I don't know what your requirements are exactly in terms of
memory overhead, are your FSs full graphs or just trees etc.,
Well, I want this to work for any AggregateAnalyzer, so I'm not designing
to a particular application. I'm designing a general infrastructure to
deploy UIMA apps.
It happens that the application I'm initially targeting has a complex type
system (12 types with one-to-many and many-to-many relationships) that
results in a large network of objects with cycles. And we'll be adding
more types in the future. And it's a massive amount of data--every token
gets annotated, possible more than once. Hence my concern for the cost of
communicating that data over the network in a massively scaled system to a
single repository.
but one alternative I've been using lately is JSON. It's
a light-weight, self-describing format, human readable, and
there are easy to use Java libraries available. It's also
way more compact than xmi. Just a thought. The downside is,
there's no (freely available) UIMA integration that I know of,
you would have to do that yourself.
I don't know much about JSON. The above sounds good--I'll have to look
into it. Could it handle arbitrary UIMA TypeSystems with cyclic graphs?
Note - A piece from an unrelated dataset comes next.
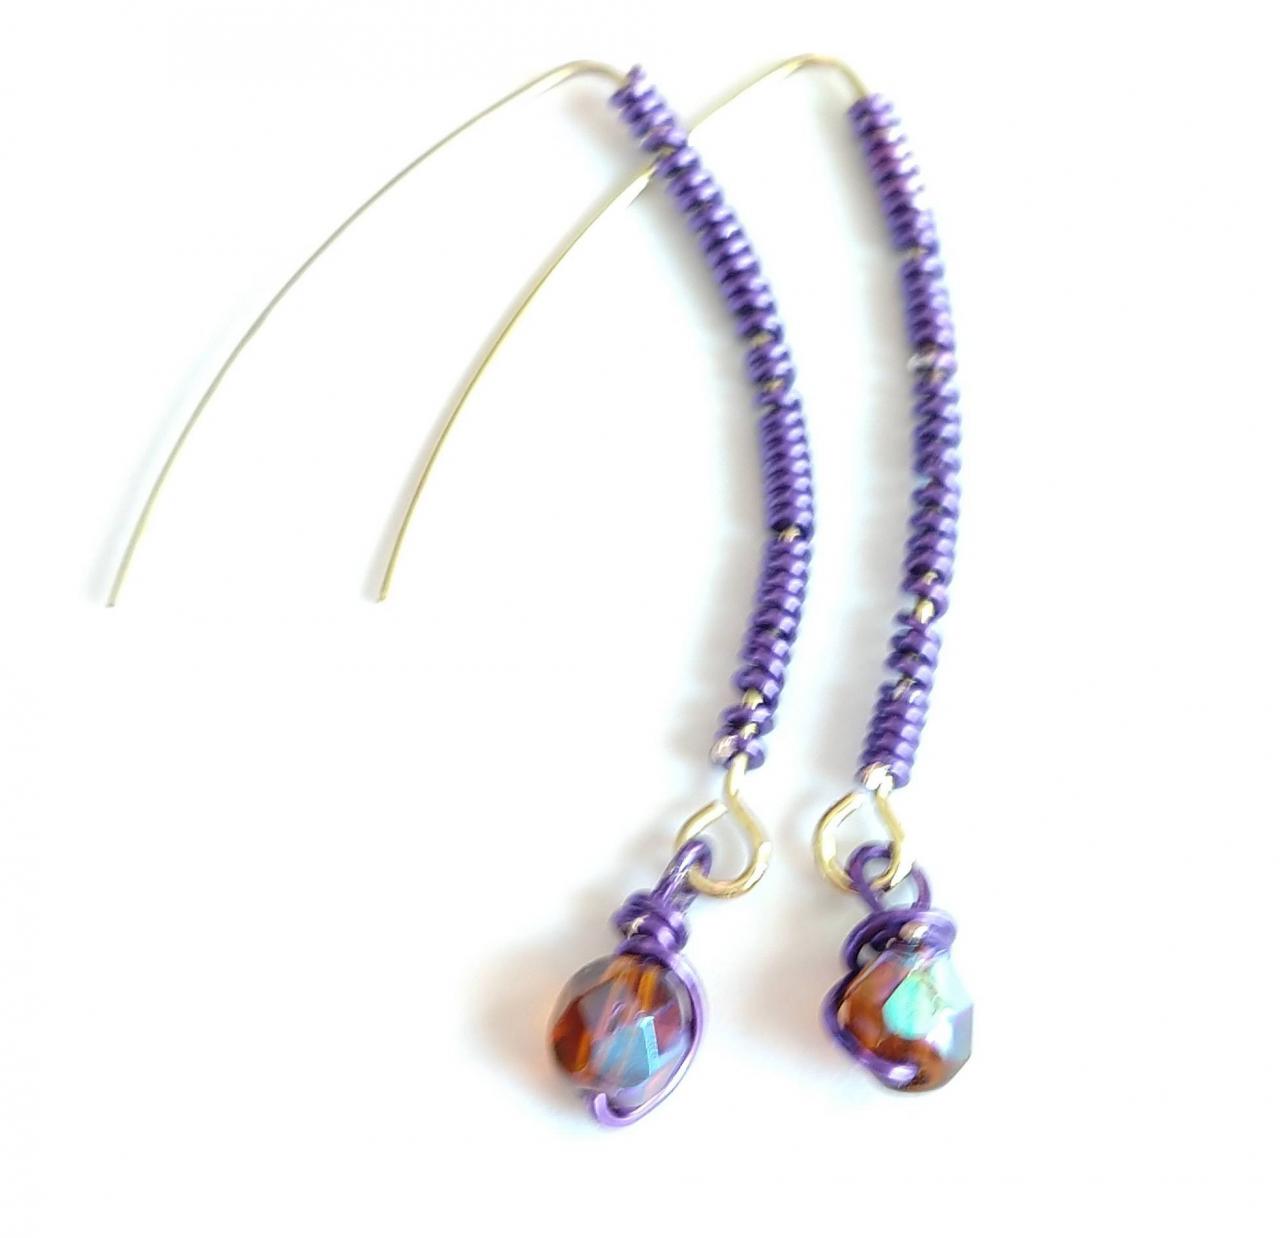 Wire Wrapped Earring Beaded Earring Dangly Earrings Dangle Earrings Dangle And Drop Earrings Festival Earrings Purple Earrings Boho Chic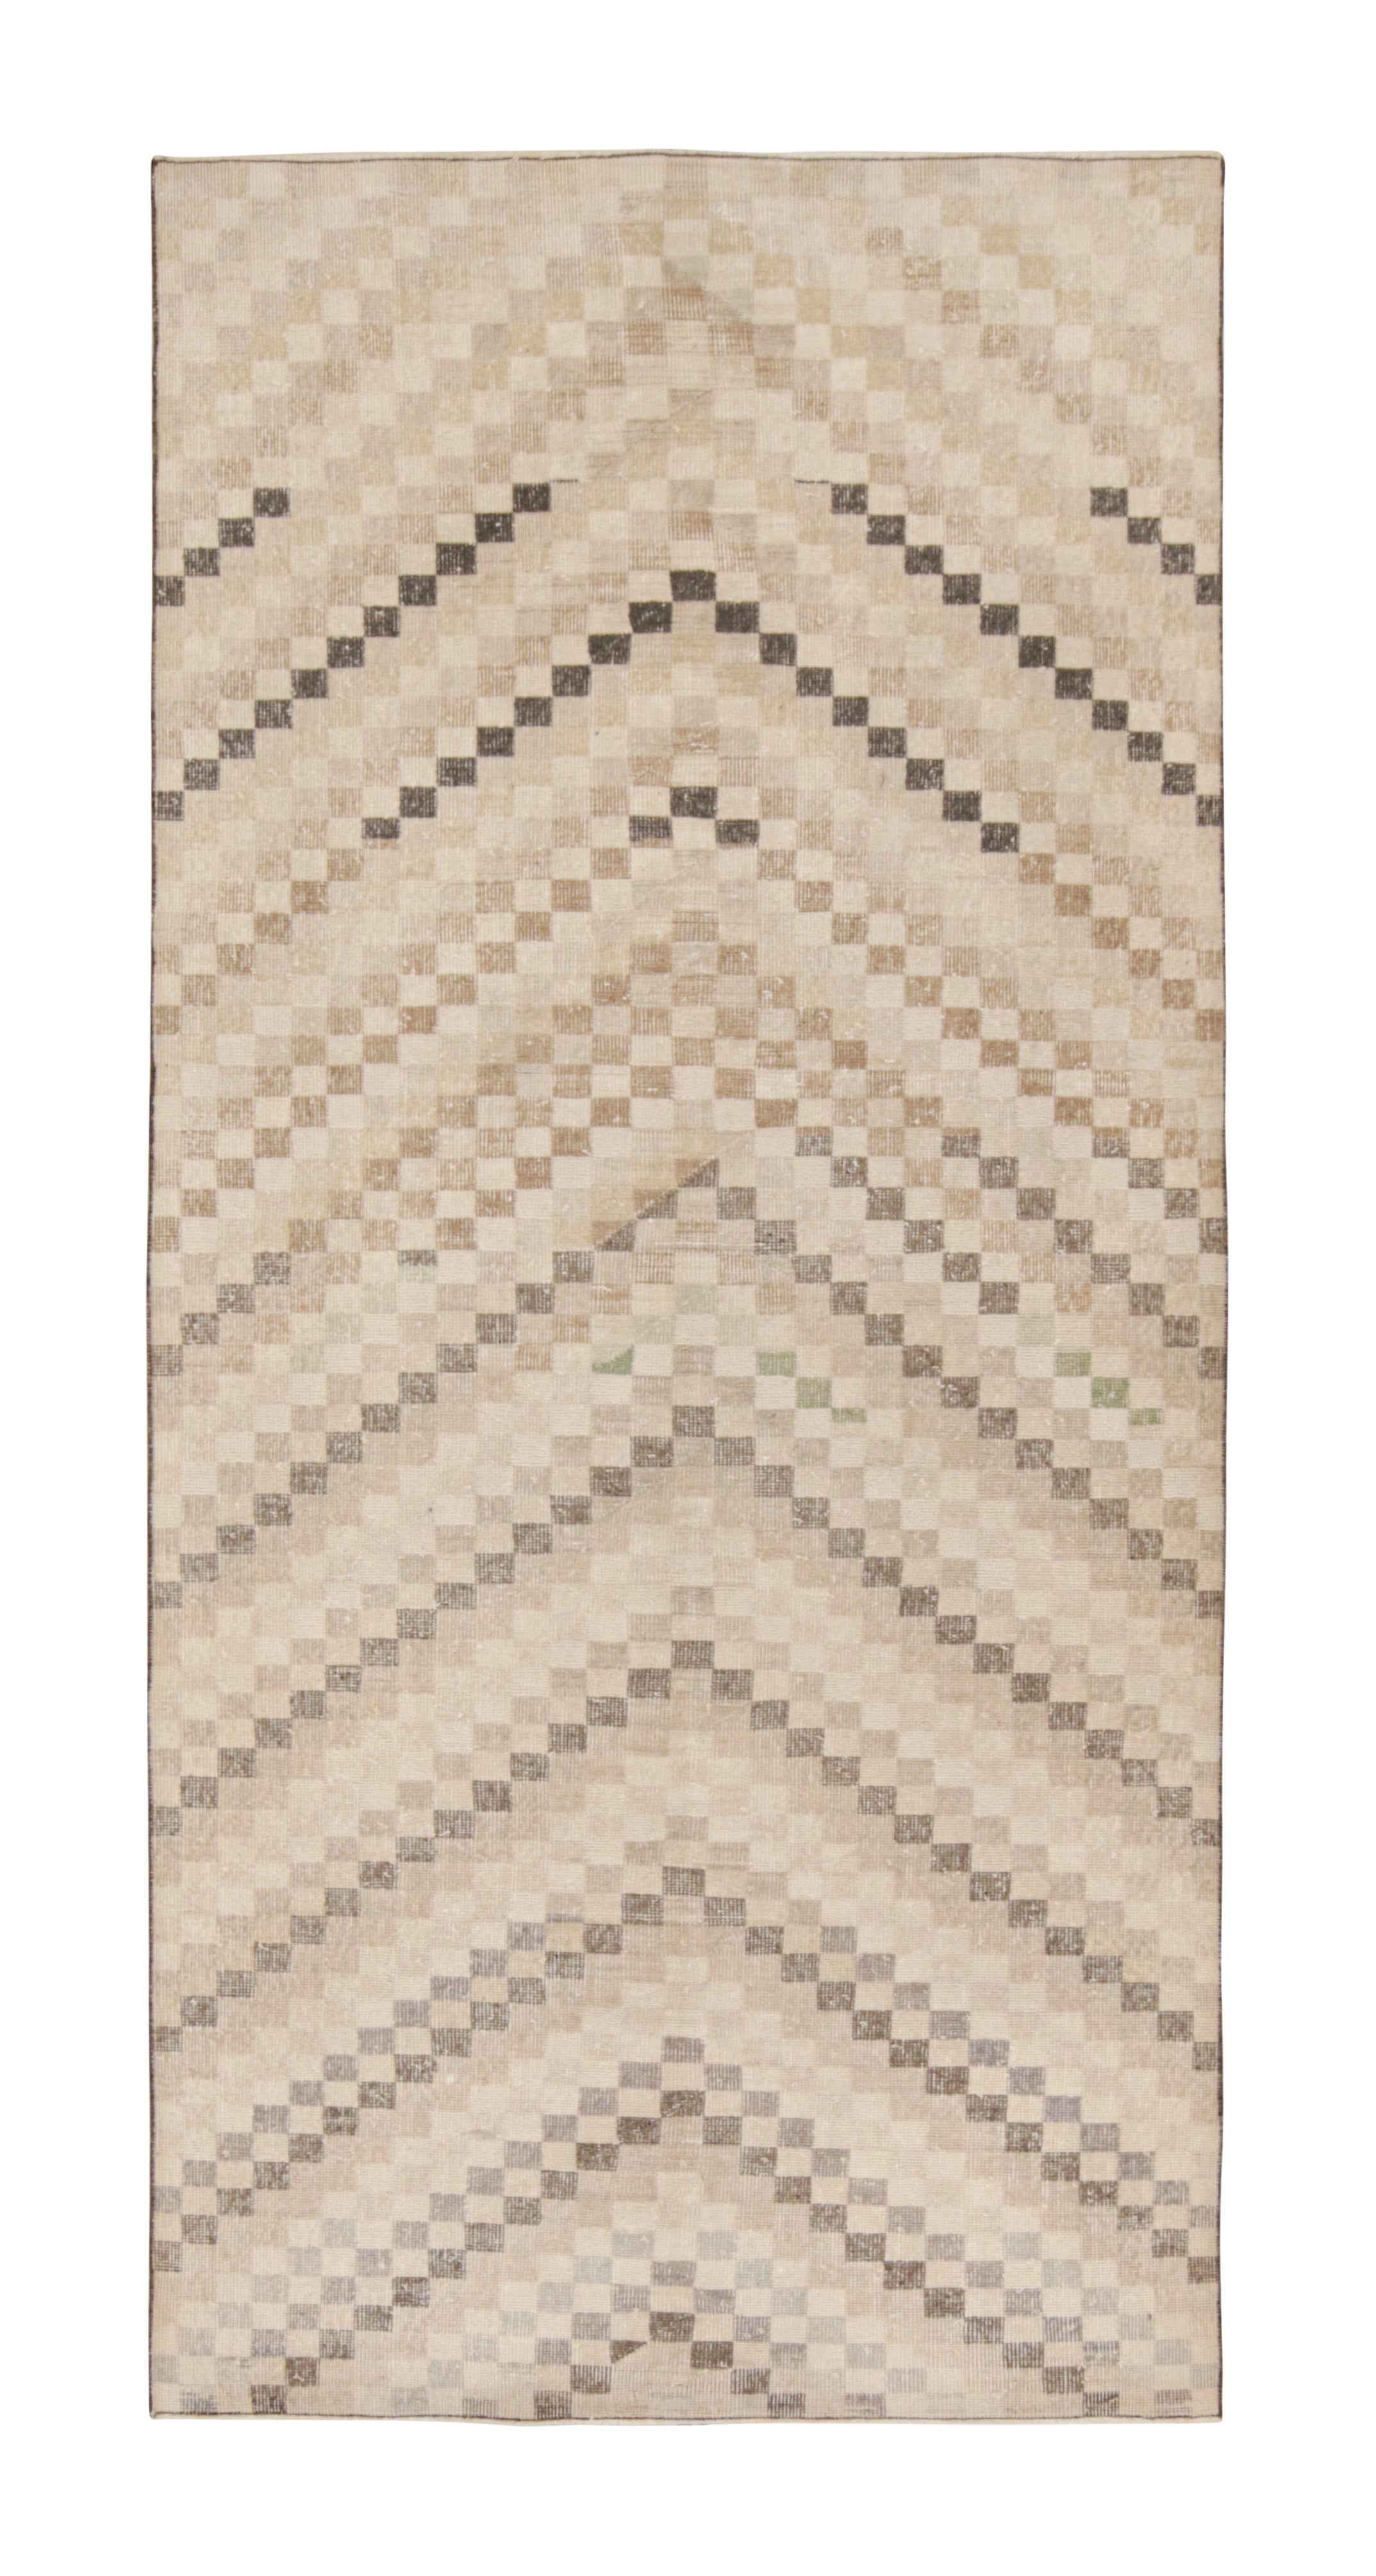 Vintage Zeki Müren Rug in Beige-Brown Geometric Patterns by Rug & Kilim

But I'm always concerned about any text-based data format--both the data
size and the CPU/memory usage during generating and parsing. Also, since
I can't just plug a ContentHandler into XmiCasSerializer to produce JSON
(or can I?), it would be a lot more work. I'd have to write code that
does something similar to what XmiCasSerializer does--about 1400 lines.
And it requires intimate knowledge of the low-level CAS implementation and
use of some non-public UIMA APIs.
Since the code in XmiCasSerializer is so complicated, I was wondering if
it could be generalized, to make it easier to write new CAS serializers
that don't use SAX or XML? For example, could we write some sort of
general CAS traverser to hide the low-level details, so that someone who
wants to implement a serializer for some new data format could just plug
in a callback? Similar to the concept of a ContentHandler, but not using
SAX or XML.
Or am I throwing the baby out with the bath-water? Is ContentHandler
already capable of that? For example, could a ContentHandler produce JSON
or DataObject-style output?
Here's another thought: what would it take to make FeatureStructure (and
related classes) implement Serializable by writing writeObject() and
readObject() methods? Then I could just use RMI to send the CAS over the
network.
So far, EXI looks like the best solution--fast, network-efficient,
recipient doesn't need UIMA, and a low cost of development. The GPL
license is the only problem for me.
Thoughts?
Greg Holmberg